Iniciamos o Tempo Comum – Celebremos a páscoa de Jesus Cristo, acontecendo na história e em nossas vidas, especialmente nas lutas das pessoas e comunidades que se organizam, cultivam a vida batismal e, conscientemente, continuam a missão de Jesus, o Cordeiro de Deus que tira o pecado do mundo e implanta a fraternidade e a paz

2º DOMINGO DO TEMPO COMUM
“EU VI E DOU TESTEMUNHO: ESTE É O FILHO DE DEUS” (Jo1, 34)
01. ACOLHIDA E RECORDAÇÃO DA VIDA
Animador(a) – Queridos irmãos e irmãs, é com grande alegria e carinho que os acolhemos para celebrar nossa vida e nossa fé. Vamos recordar, neste momento, os fatos que marcaram esta semana.
O animador motiva a assembléia a fazer a recordação da vida espontaneamente. Concluir cantando um refrão apropriado.
Animador(a) – Celebremos a páscoa de Jesus Cristo, acontecendo na história e em nossas vidas, especialmente nas lutas das pessoas e comunidades que se organizam, cultivam a vida batismal e, conscientemente, continuam a missão de Jesus, o Cordeiro de Deus que tira o pecado do mundo e implanta a fraternidade e a paz. Alegres, cantemos.
Procissão de entrada como de costume.
02. CANTO INICIAL
VIMOS TE LOUVAR EM TUA CASA, Ó SENHOR. SOMOS A FAMÍLIA QUE TEU FILHO CONGREGOU.
1. Teu povo, tua família vem hoje, com gratidão, louvar Teu nome santo, unidos na adoração.
2. Cantamos a Tua graça, o Teu infinito amor; a prece de nossas vidas, em casa já começou.
3. Das faltas contra a unidade queremos pedir perdão. É falta todo egoísmo que gera separação.
4. Começa em nossa casa a vida em fraternidade. Possamos com Tua graça, vivê-la na liberdade.
Presidente – Irmãos e irmãs, reunidos em nome da Trindade Santa, façamos o sinal da nossa fé. EM NOME DO PAI…
Presidente – O Senhor, que encaminha os nossos corações para o amor de Deus e a constância de Cristo, esteja convosco. BENDITO SEJA DEUS…
03. DEUS NOS PERDOA
Presidente – De coração contrito e humilde, aproximemo-nos do Deus justo e santo para que tenha piedade de nós, pecadores. (pausa)
Presidente – Tende compaixão de nós, Senhor.
Todos – PORQUE SOMOS PECADORES.
Presidente – Manifestai, Senhor, a vossa misericórdia.

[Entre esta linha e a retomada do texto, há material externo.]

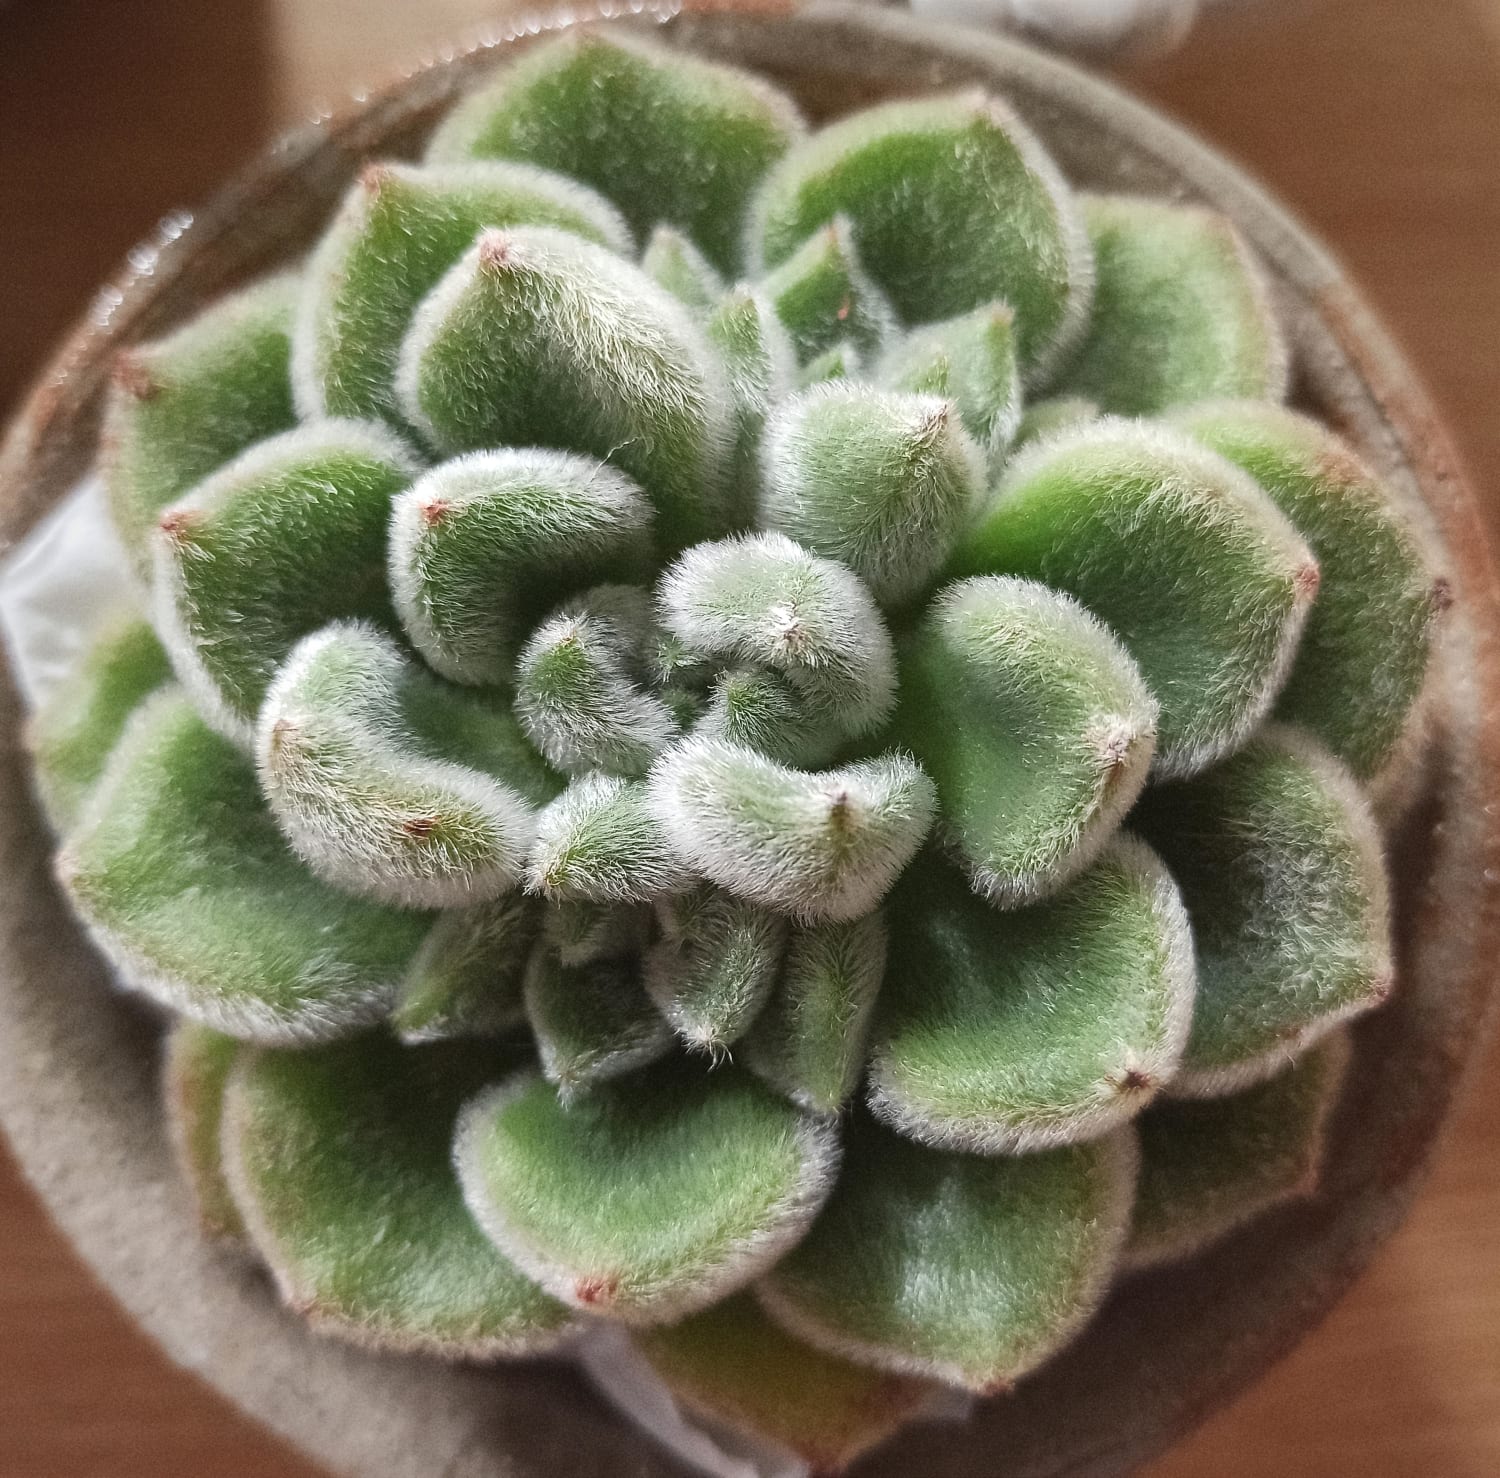 Plant mail arrived this morning! ☑️Chubby, ☑️Furry, ☑️Absolutely gorgeous

Todos – E DAI-NOS A VOSSA SALVAÇÃO.
Presidente – Deus todo-poderoso, tenha compaixão de nós, perdoe os nossos pecados e nos conduza à vida eterna. AMÉM.
Todos (cantando) – SENHOR, PIEDADE! Ó CRISTO, PIEDADE! SENHOR, PIEDADE DE NÓS, SENHOR!
04. ORAÇÃO
Presidente – Ó Pai, em Cristo nos fizestes reconhecer o Cordeiro Pascal e a luz de todos os povos, e hoje nos chamais para sermos o povo da Nova Aliança. Confirmai em nós a graça do batismo e daí-nos a força do Espírito para que a nossa vida proclame a alegria do Evangelho da Salvação. Por nosso Senhor Jesus Cristo, vosso Filho, na unidade do Espírito Santo. AMÉM.
Animador(a) – A Palavra de Deus está centrada no testemunho sobre Jesus Cristo.
05. LEITURA DO LIVRO DO PROFETA ISAÍAS (49,3.5-6)
06. SALMO RESPONSORIAL (39)
EU DISSE: EIS QUE VENHO, SENHOR, COM PRAZER FAÇO A VOSSA VONTADE! (bis)
– Esperando, esperei no Senhor, e inclinando-se, ouviu meu clamor. Canto novo Ele pôs em meus lábios, um poema em louvor ao Senhor.
– Sacrifício e oblação não quisestes, mas abristes, Senhor, meus ouvidos; não pedistes ofertas nem vítimas, holocaustos por nossos pecados.
– E então eu vos disse: “Eis que venho!” Sobre mim está escrito no livro: “Com prazer faço a vossa vontade, guardo em meu coração vossa lei!”
– Boas- novas de vossa justiça anunciei numa grande assembleia; vós sabeis: não fechei os meus lábios!
07. LEITURA DA PRIMEIRA CARTA DE SÃO PAULO AOS CORÍNTIOS (1,1-3)
08. CANTO DE ACLAMAÇÃO
ALELUIA, ALELUIA, ALELUIA!
1. A Palavra se fez carne, entre nós ela acampou; todo aquele que a acolheu, de Deus filho se
tornou.
09. PROCLAMAÇÃO DO EVANGELHO DE JESUS CRISTO SEGUNDO SÃO JOÃO (1,29-34)
10. PARTILHA DA PALAVRA
11. PROFISSÃO DE FÉ
Presidente – Professemos a nossa fé no Deus que nos dá a salvação. CREIO EM DEUS PAI…
12. PRECES DA COMUNIDADE
Presidente – Jesus é aquele em quem se realizam as promessas, o servo humilde e fiel. Por sua intercessão, supliquemos ao Pai: SENHOR, OUVI-NOS.
– Senhor, fortalecei a vossa santa Igreja para que anuncie e mostre a salvação que só o Cristo pode  trazer a todos. Nós vos pedimos.
– Senhor, iluminai-nos para que reconheçamos que só é possível construir um mundo bom e justo seguindo Jesus Cristo. Nós vos pedimos.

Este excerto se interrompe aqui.